- Data below:
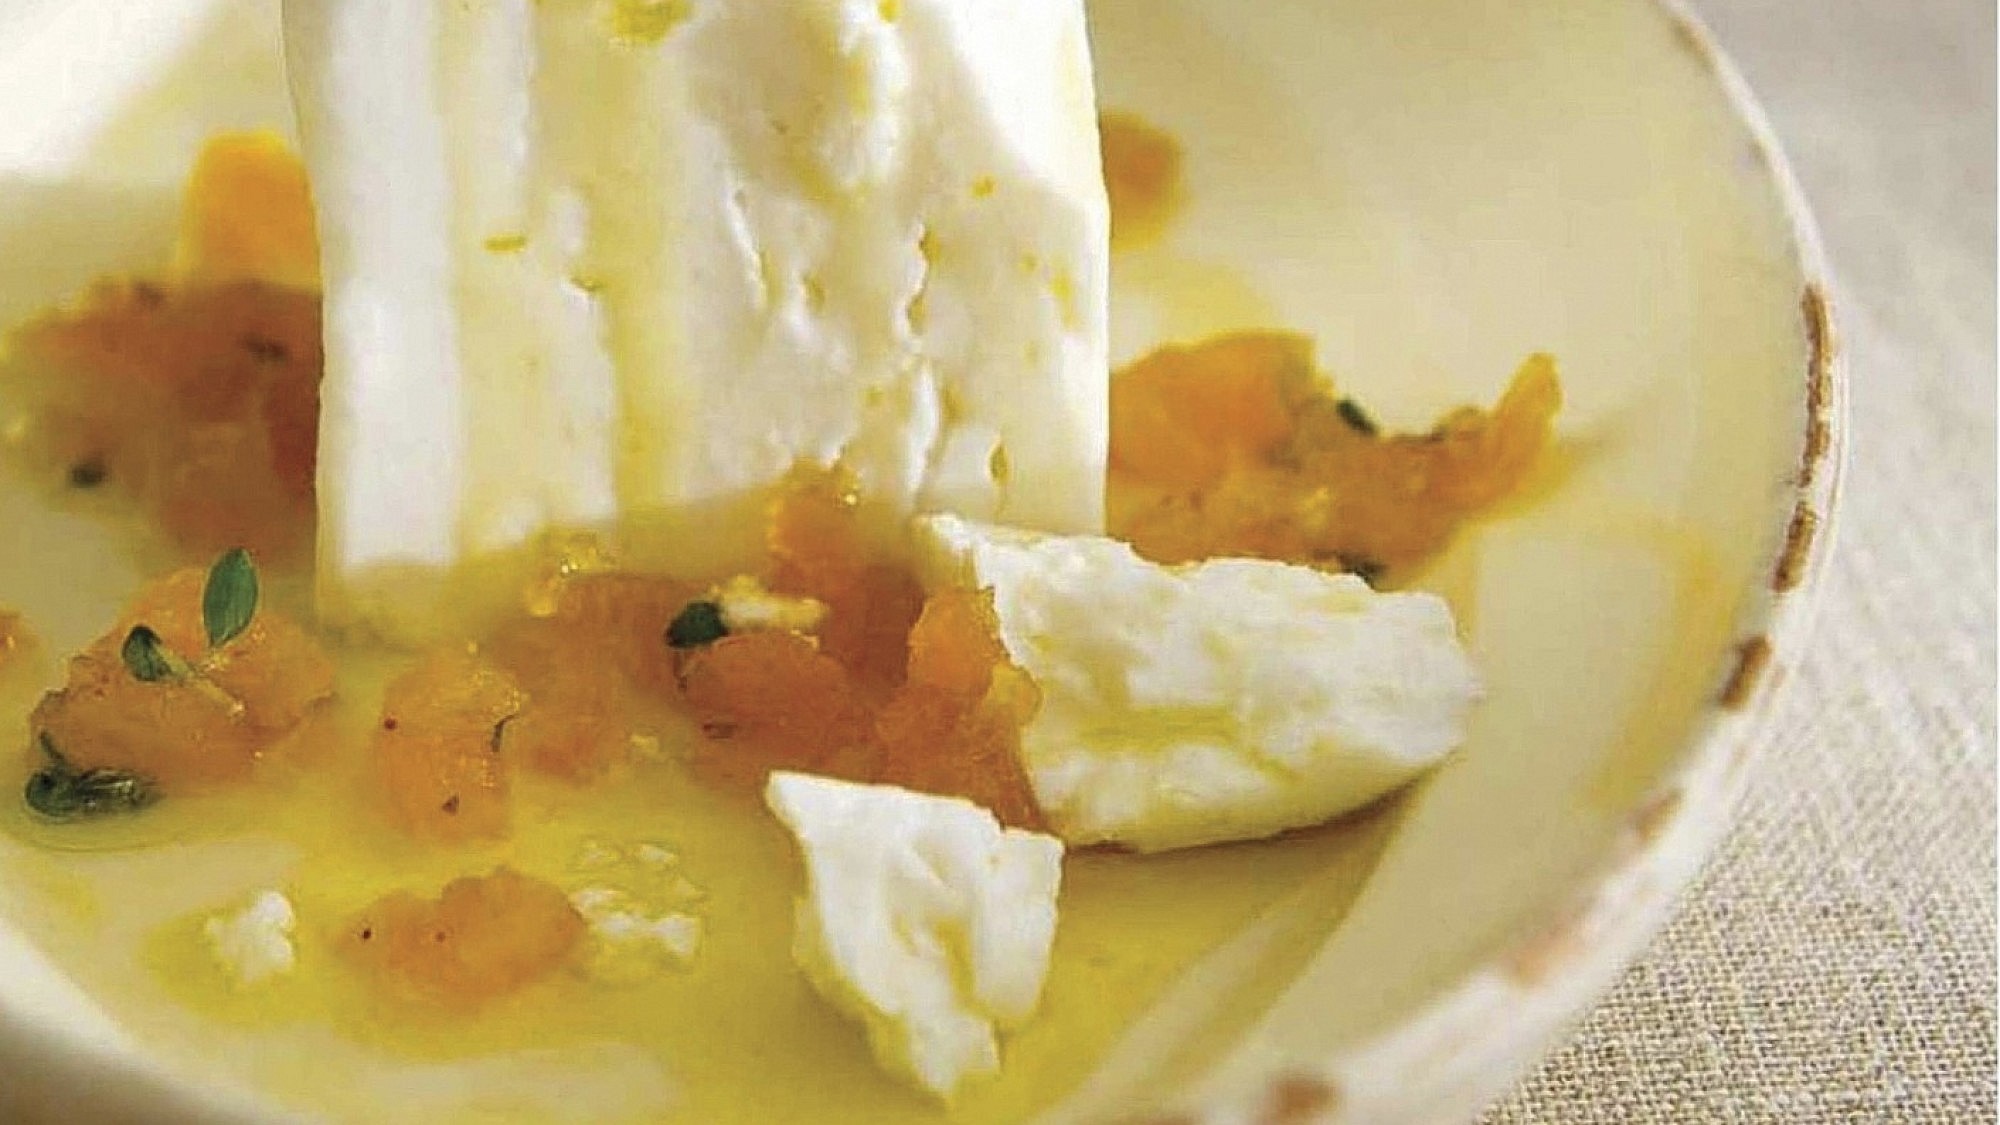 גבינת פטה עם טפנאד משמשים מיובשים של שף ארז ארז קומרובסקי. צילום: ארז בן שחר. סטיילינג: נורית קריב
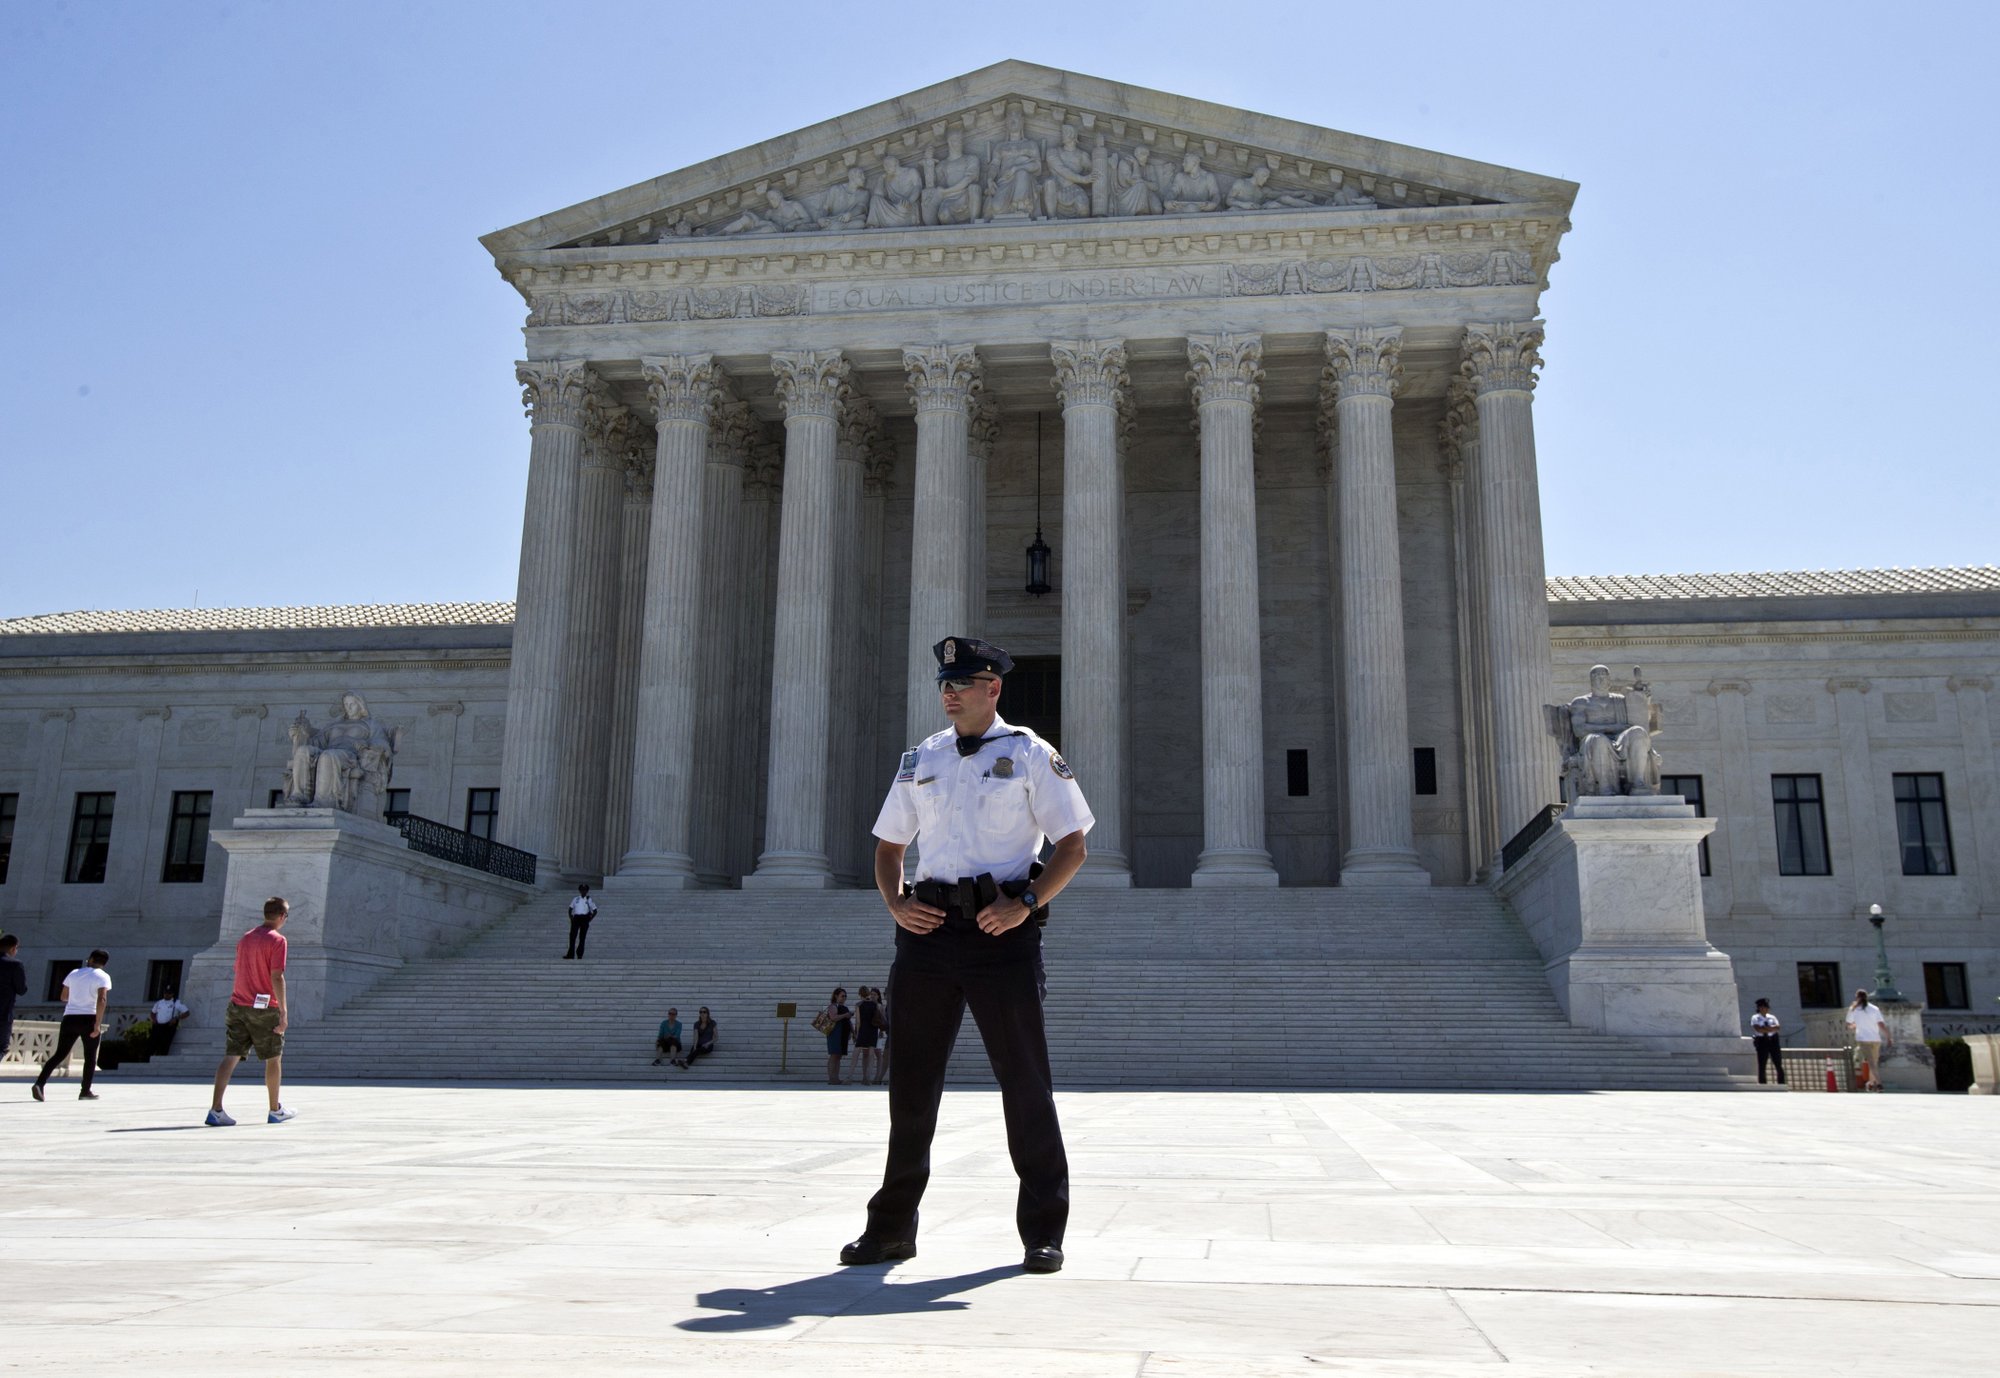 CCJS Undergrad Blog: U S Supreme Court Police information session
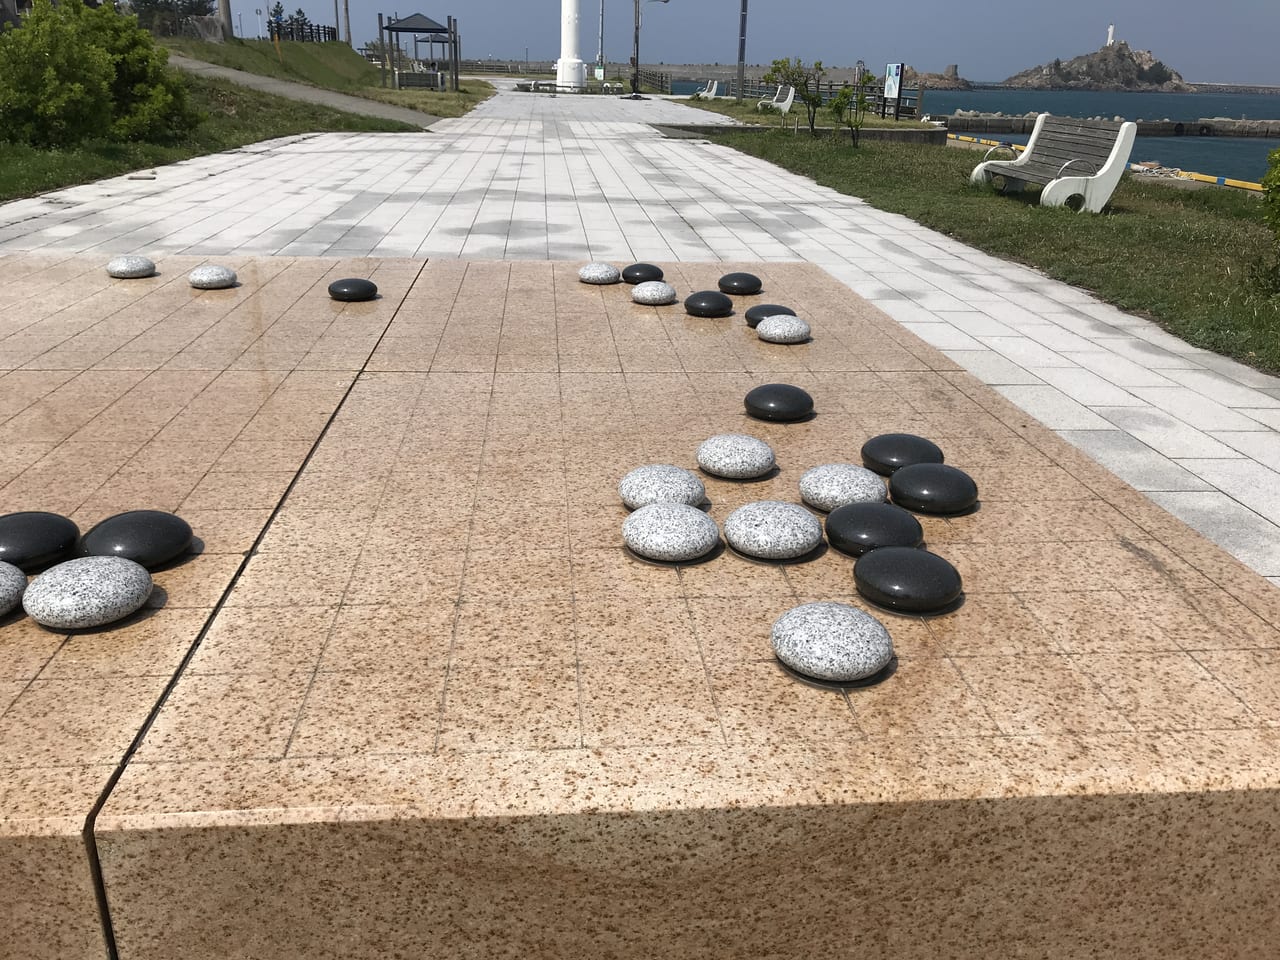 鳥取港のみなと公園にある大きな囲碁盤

- Task to complete: Return the material above in exact form. Pictures stay out.

- Response:
 גבינת פטה עם טפנאד משמשים מיובשים של שף ארז ארז קומרובסקי. צילום: ארז בן שחר. סטיילינג: נורית קריב
 CCJS Undergrad Blog: U S Supreme Court Police information session
 鳥取港のみなと公園にある大きな囲碁盤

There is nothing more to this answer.